The Building Technologies Office within DOE, which is known for developing energy-saving technologies that save consumers money on their utility bills, has estimated that for every $1 invested in its R&D, it has yielded between $20 and $261 in economic benefits. The benefits of these investments are in the form of job creation, consumer cost savings, and new technologies like horizontal drilling – yes, the technology used for fracking developed through the DOE’s R&D program on natural fracturing.

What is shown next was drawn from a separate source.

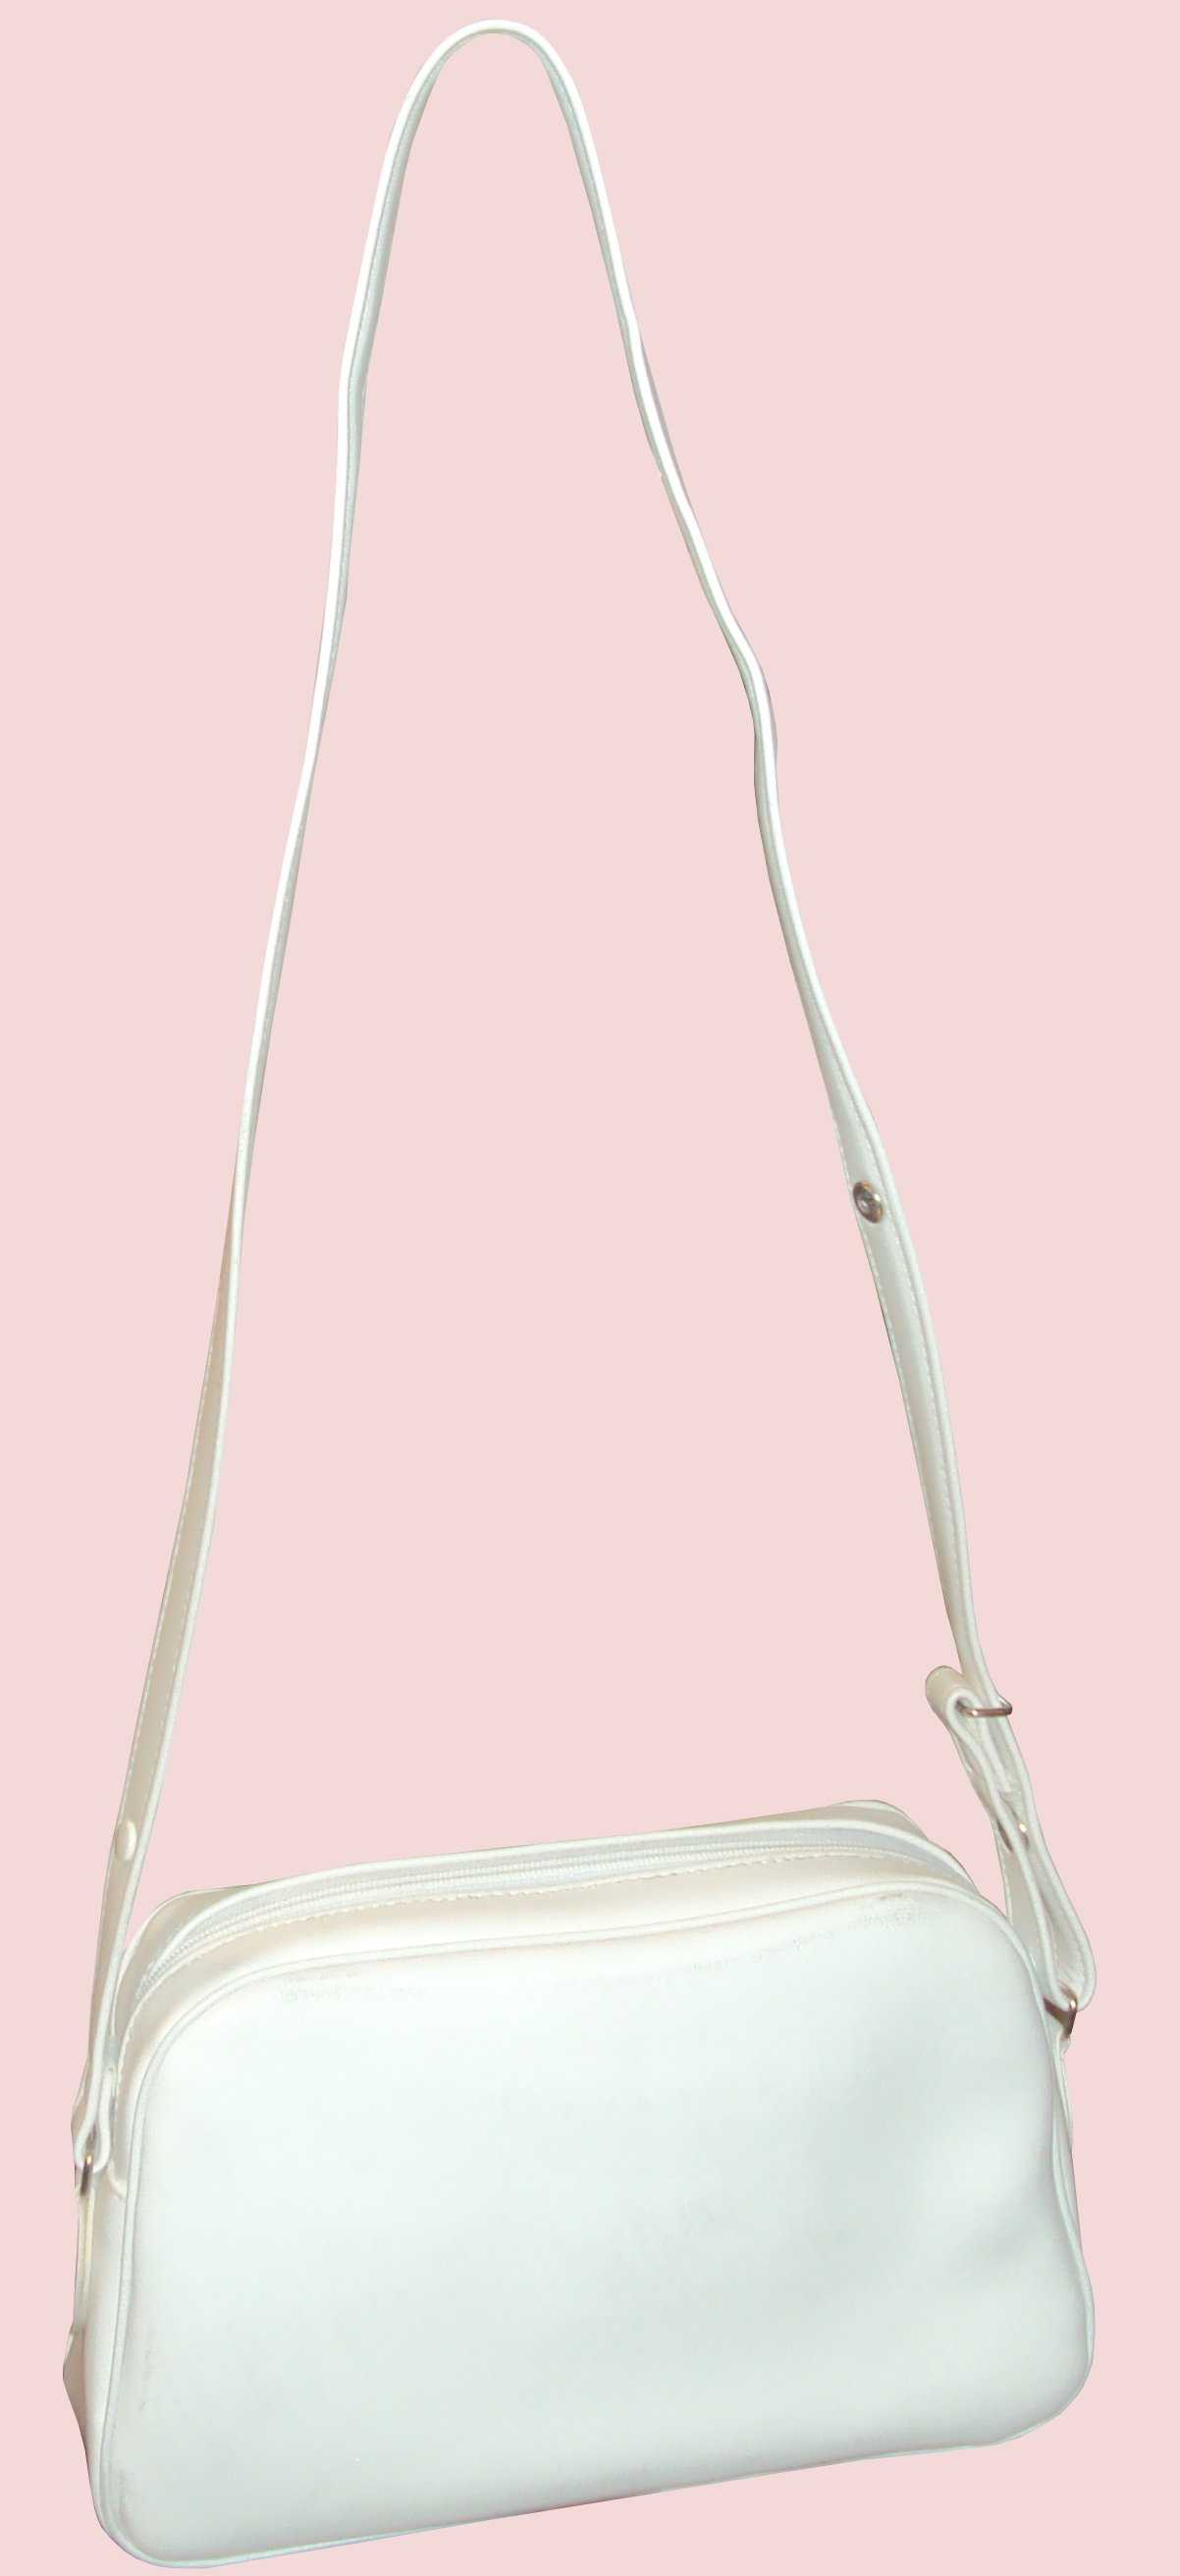 Lot 19 - Pack of 50 - Women's White Handbags - New

Given that context, it may be counterintuitive that the same officials touting U.S. leadership in innovation and discovery are proposing the largest financial cuts to DOE in history. The president’s budget request is proposing a 26% cut to non-defense DOE programs. The table below summarizes the cuts, with a heavy focus on programs that have resulted in the development and economic success of new energy technologies, especially clean energy technology.

Changes between Trump’s budget request and the current funding level of DOE offices that fund research and development

Table indicating offices at DOE and the accompanying percent change in their funding

Kelly Fleming

Slashing research and development programs across the DOE, all while Congress rolls back clean energy tax incentives and programs, is not going to solve the nation’s energy emergency. It makes our current challenges even worse.

The problems that the aging U.S. power grid faces are already compounded by historically high (and growing) consumer demand – a result of increasingly extreme temperatures and weather events, the explosion of data centers’ energy demand, and the electrification of even more transportation and buildings. Budget cuts and the insistence on using energy derived from fossil fuels may only exacerbate the problems the U.S. is already facing. In fact, defunding scientific research will most likely allow international competitors to slingshot ahead of the U.S. in new technology development and adoption.

If Americans become increasingly reliant on foreign intellectual property and technology, while the domestic grid continues to decay, the national energy emergency is likely to grow even more dire in the years to come.